What Simmons has noticed applies largely across the board. “It’s everybody’s problem,” Zurbriggen says. Certain groups, such as African American and Latina women have been able to resist media stereotypes better than others, Zurbriggen says, but the sexualization of girls in the media affects us all to some extent. More research about girls of color, lesbian, bisexual, questioning, and transgendered girls, girls with disabilities, people of different socioeconomic backgrounds and geographic regions is still needed, according to the report.
It’s easy to write off Miley Cyrus as an extreme example of a girl gone wild. But you can’t ignore the widespread consequences of the sexualization of girls in the media.
Here are some consequences the APA task force identified.
It’s harder to think and feel. In one test of college-aged women, those wearing bathing suits had a harder time completing math problems than those wearing sweaters, because they were preoccupied with their bodies. On the emotional side, sexualization and objectification can make a person feel ashamed or anxious.
- Research links sexualization with eating disorders, low self-esteem and depression.
- It stunts the development of healthy sexuality, from unrealistic expectations about sex to decreased condom use.

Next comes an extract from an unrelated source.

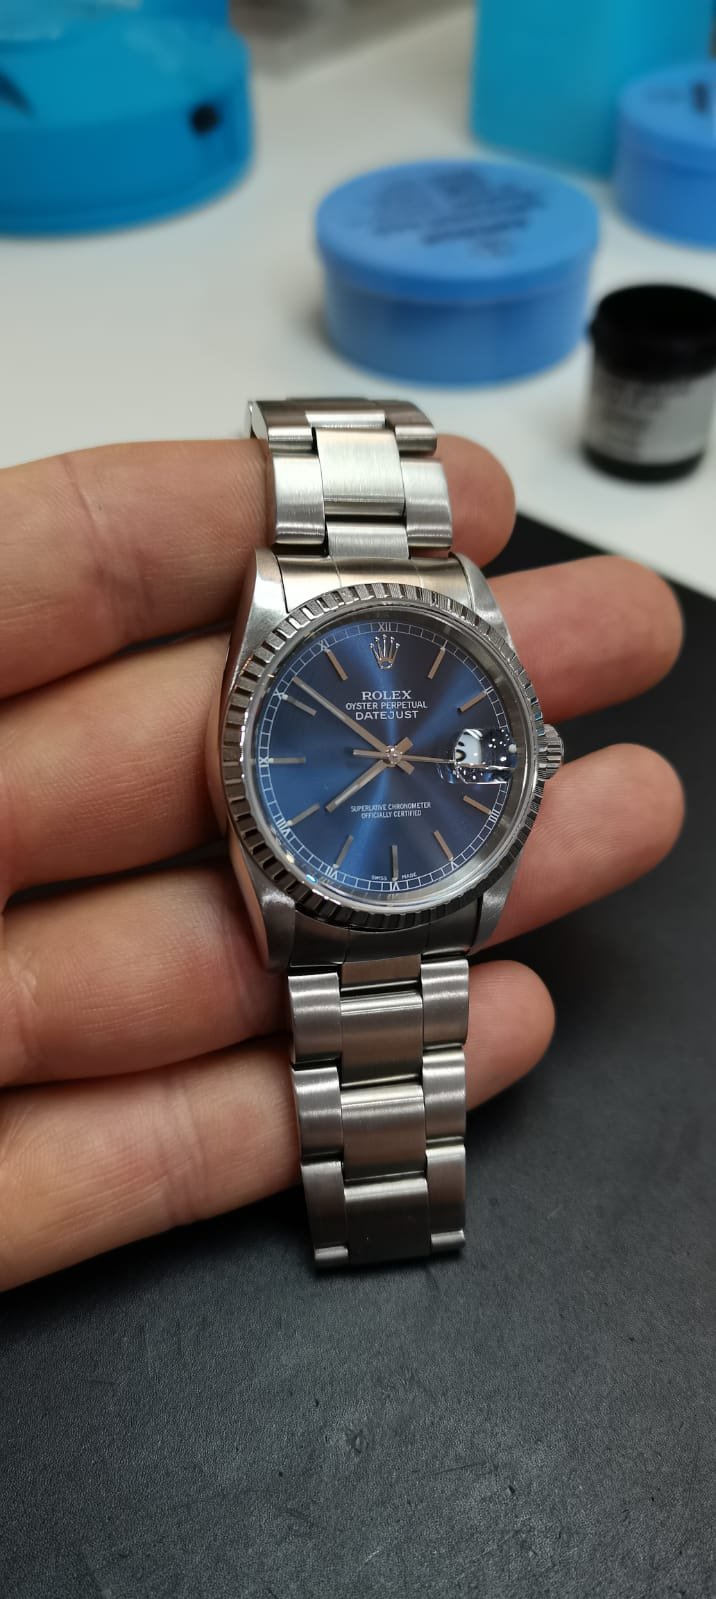 Rolex watch repair service parts ordered.jpeg

- Viewing sexualized media often shapes a girl’s attitudes and beliefs. She’ll be more likely to place a high value on looks and support this type of media.
- Boys and men also take a hit. They may undertake a long, unfulfilling search to find a partner who conforms to the media’s narrow standard of “attractiveness.” Their relationships will be shallow, not intimate. Boys’ sexual harassment of girls, and attitudes toward sexual violence are also shaped by media stereotypes.
- Older women feel pressure to look young so they still fit into society’s mold.
Even with so much research showing the consequences of sexualizing girls, Dora is still getting a makeover. Some questions remain: why? Why are these images so pervasive in society? Why are parents letting their daughters imitate superstars? And why are girls buying in?
Many political and sociological factors play into the answer to this question, Zurbriggen says. Companies may be trying to expand the market for their products. For example, if a lip-gloss manufacturer creates ads of 8-year-olds puckering up for the camera, there are more people willing to buy their products. The proliferation of internet pornography may also be driving the sexualized images of young girls.